Child marriage, a global scourge that is practised in many parts of the world, remains prevalent in Africa, including Nigeria and is deeply entrenched in culture and religion. It is not uncommon to find girls below the age of 12 years being betrothed to marriage, especially in the northern part of the country where many girls are given away to marriage without their consent and this denies the basic human rights of these children, putting them in a disadvantaged position.

This paper is a narrative review of the prevalence, causes and consequences of child marriage, status in Nigeria using literature searches of peer-reviewed articles published between 1990 and 2017 in databases such as Pubmed, Medline, African Journals Online (AJOL), Bioline international, POPLINE and google scholar; and grey literature such as reports and research briefs from UNFPA, UNICEF, the Population Council.

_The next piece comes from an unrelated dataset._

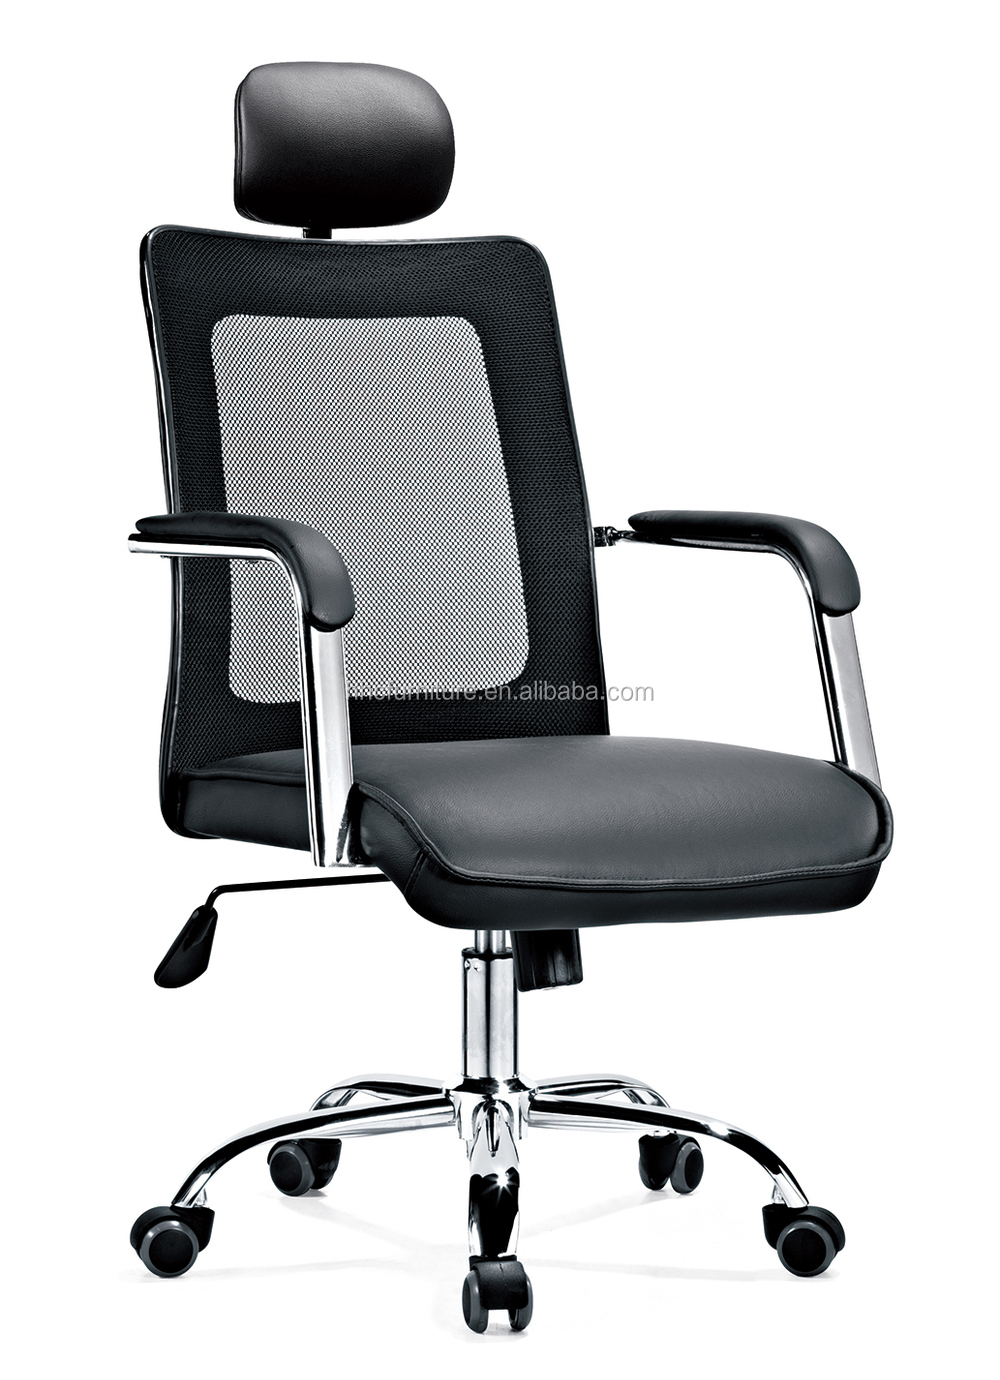 High Back Swivel Chair Ergonomic Mesh Office Chair Hc A220w Buy Ergonomic M

Child marriage is still prevalent in Nigeria, especially in the northern parts of the country. Reasons for child marriage in Nigeria include poverty; gender inequity; traditions and customs; weak legislative and institutional structures; and conflict and political instability. Child marriage has been found to have negative impacts on the children’s education, health, as well as on their dignity and integrity.

Aholistic multi-sectoral strategy is needed for ending child marriage in Nigeria, as well as raising awareness, encouraging behaviour change, and ensuring the implementation of the laws and policies that prohibit child marriage by the government of Nigeria. In addition, empowering girls with increased access to quality education, life building skills, economic support and supporting networks for affected girls cannot be overemphasized.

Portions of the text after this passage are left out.